Checking in on “The President’s Super-Regulators”

August 24, 2012

By Elizabeth

On Monday, I attended a panel discussion on the Office of Information and Regulatory Affairs (OIRA). Titled “The President’s Super-Regulators: What’s next for OIRA?” and hosted by the Advisory Committee on Transparency in conjunction with the Sunlight Foundation, the panel set out to discuss OIRA’s role in rulemakings, its evolution, openness, and future. Little-known outside the beltway but wielding significant influence, OIRA reviews regulations that impose more than $100 million in annual compliance costs for affected industries. The office develops guidance on information policy, collection of information, regulatory matters, and statistical programs and standards. Most recently, AALL has worked with OIRA on implementing the Obama Administration’s National Action Plan.

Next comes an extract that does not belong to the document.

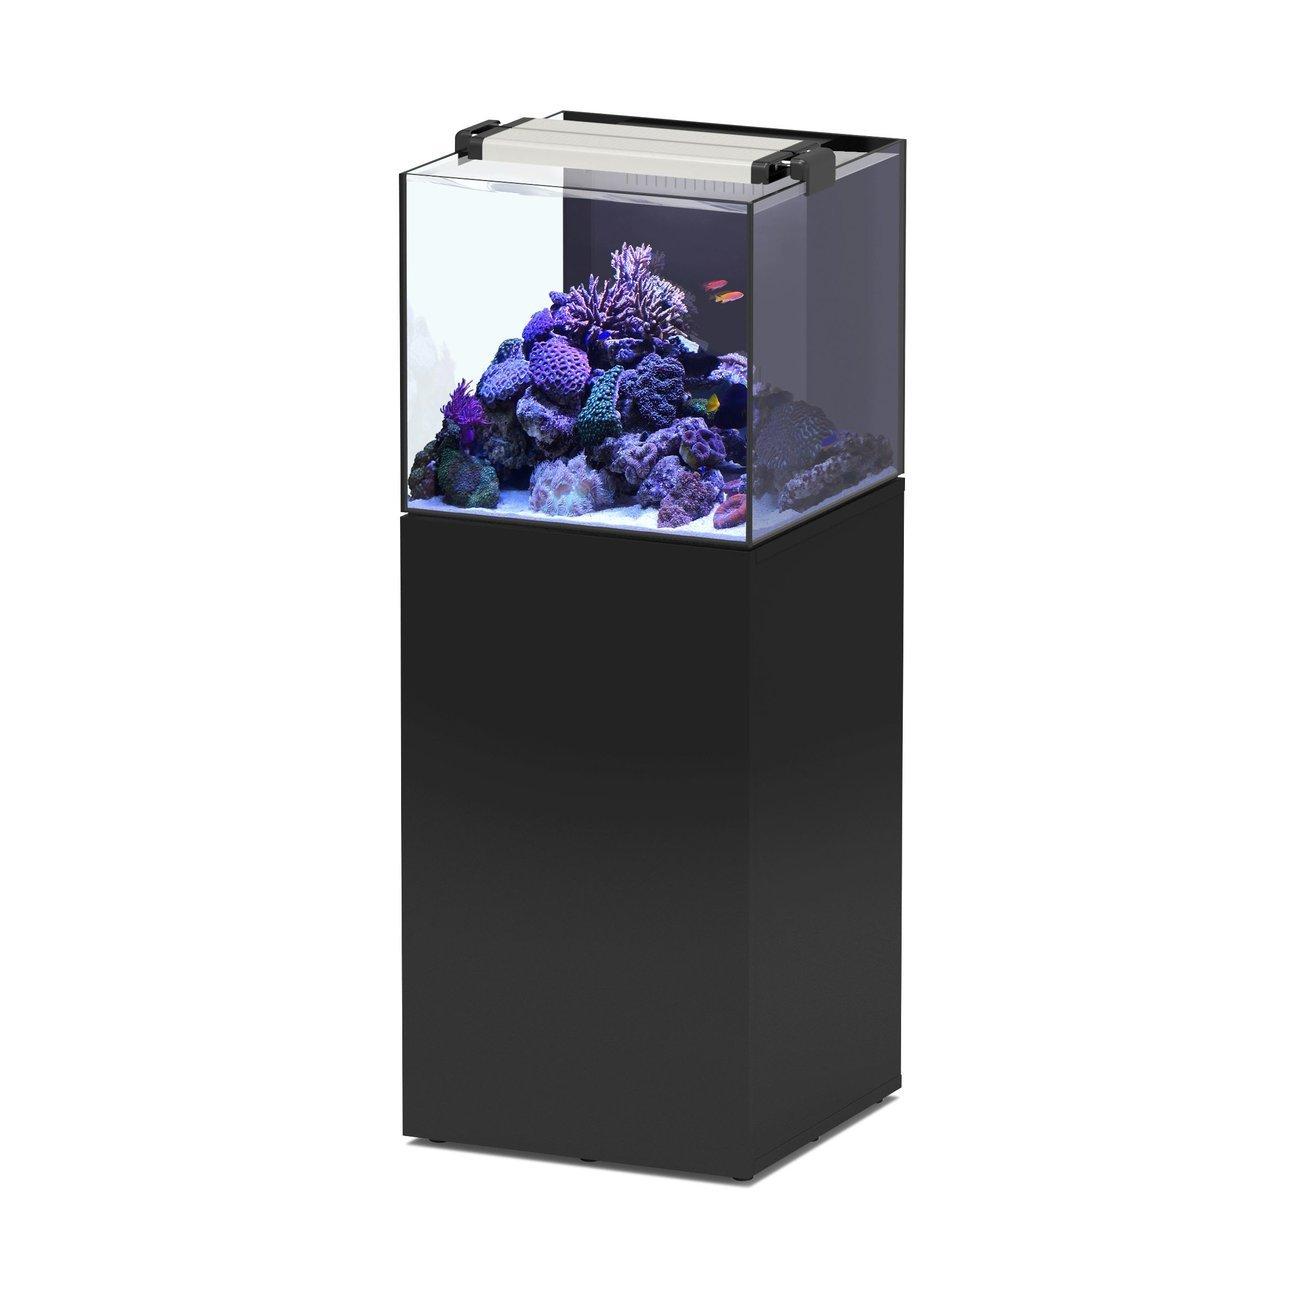 Aquatlantis AquaView 50 mit Unterschrank, Bild 3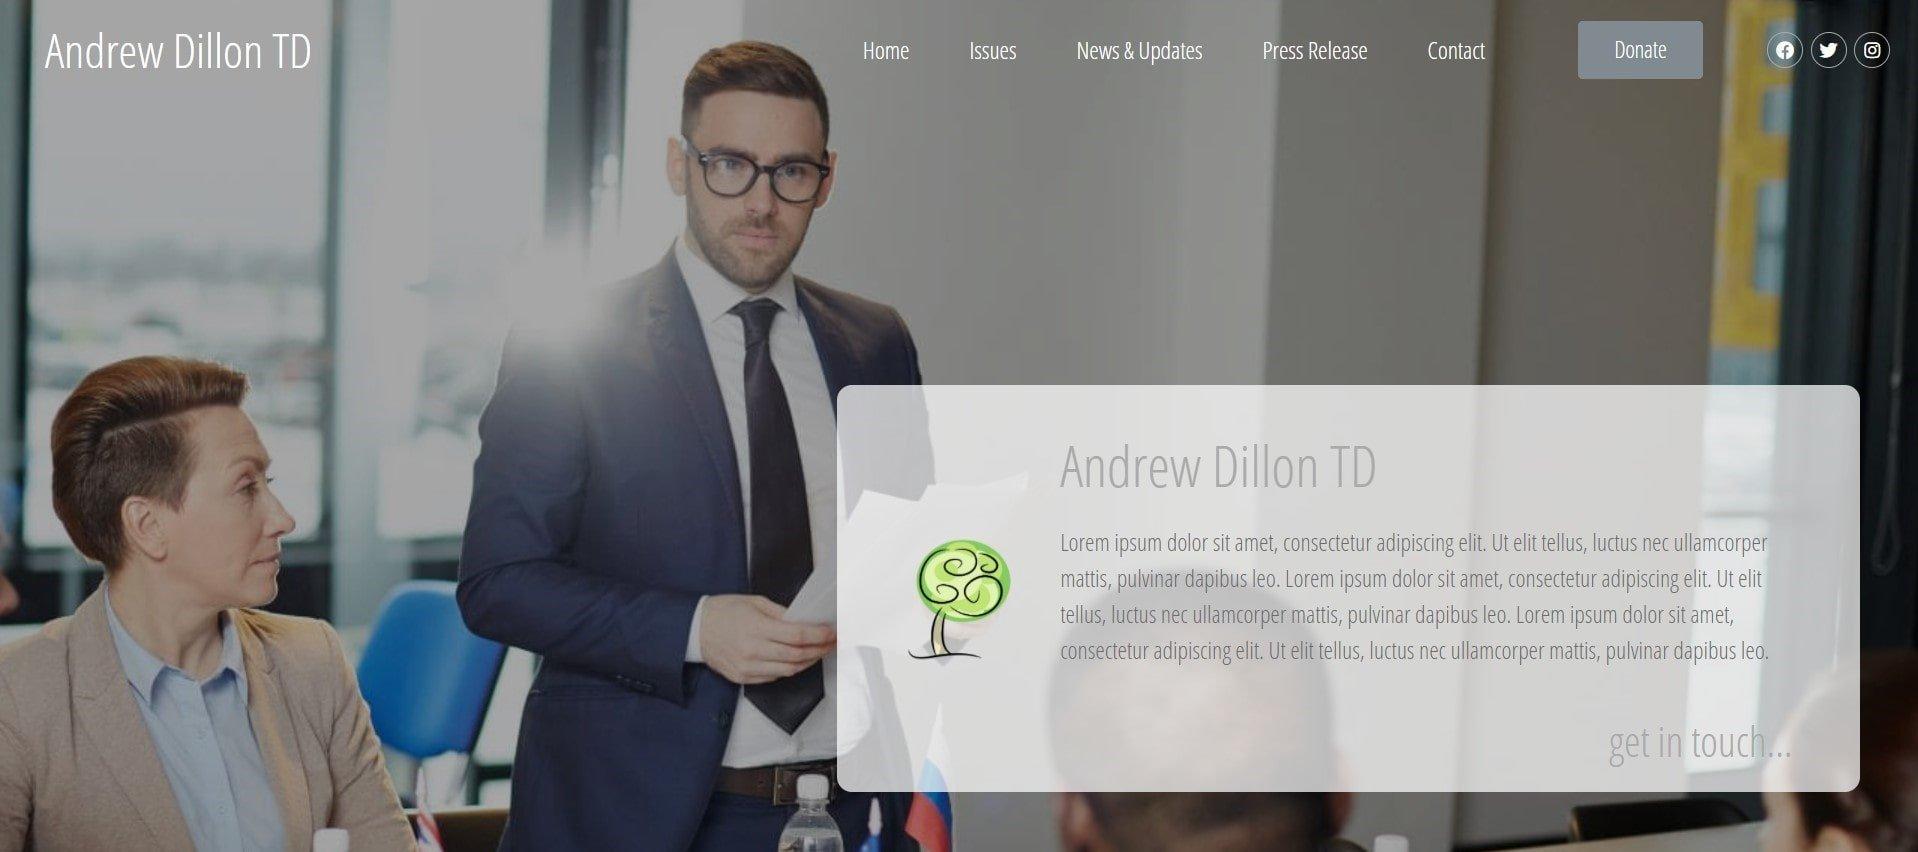 Political Website Design - Homepage Header

As “The President’s Super-Regulators,” OIRA’s small staff is housed in the White House’s Office of Management and Budget. With OIRA’s administrator, “regulatory czar” Cass Sunstein, having just departed for Harvard, there is occasion to evaluate the Obama administration’s approach to rulemaking and its level of transparency in the process. The panel of experts included both advocates and critics of OIRA: Susan Dudley, a former OIRA administrator under President Bush, and Michael Fitzpatrick, a former associate administrator under President Obama spoke of their experiences leading the 50-person office in its work, while Curtis Copeland, former specialist with the Congressional Research Service, and Robert Weissman, President of Public Citizen led the discussion on OIRA’s shortcomings and opportunities for greater transparency.

Needless to say, the panelists were not in consensus. Fitzpatrick and Dudley stood firm in their belief that the office provides a “dispassionate and analytical second opinion” to improve regulations before they go out the gate (Dudley’s words). Having received criticism from both the left and the right, industry groups and consumer advocates, Fitzpatrick suggested of the attacks that, “It’s a pretty good indication you’re doing your job right.” While the Obama administration has finalized fewer regulations overall than either Clinton or Bush during the same point in their first terms, Fitzpatrick pushed through more rules with more than a $100 million impact. Pointing out that OIRA staff is made of career civil servants without political agendas, Dudley pointed to several transparent steps the office has taken. OIRA is required to make public all meetings held with outside groups and posts regulations before and after they’re finalized. Each six months, a regulatory agenda is released.

According to Weissman and Copeland, though, there are plenty of opportunities for OIRA to do more on the openness front. During the informal review process, agencies are advised not to document the changes made to regulations. As a result, it’s nearly impossible to tell how significant the changes made were in the first place, thanks to the “black box”-like secrecy of the process. Weismann also took to task the perceived bias of OIRA towards lobbyist and industry interest groups, a claim which Dudley and Fitzpatrick adamantly refuted.

The panelist did agree, however, that with more attention—be it greater resources or a critical reassessment, depending on who you ask—there is plenty of opportunity for the President’s Super Regulators to wield their influence in a way that is fair, transparent, and significant.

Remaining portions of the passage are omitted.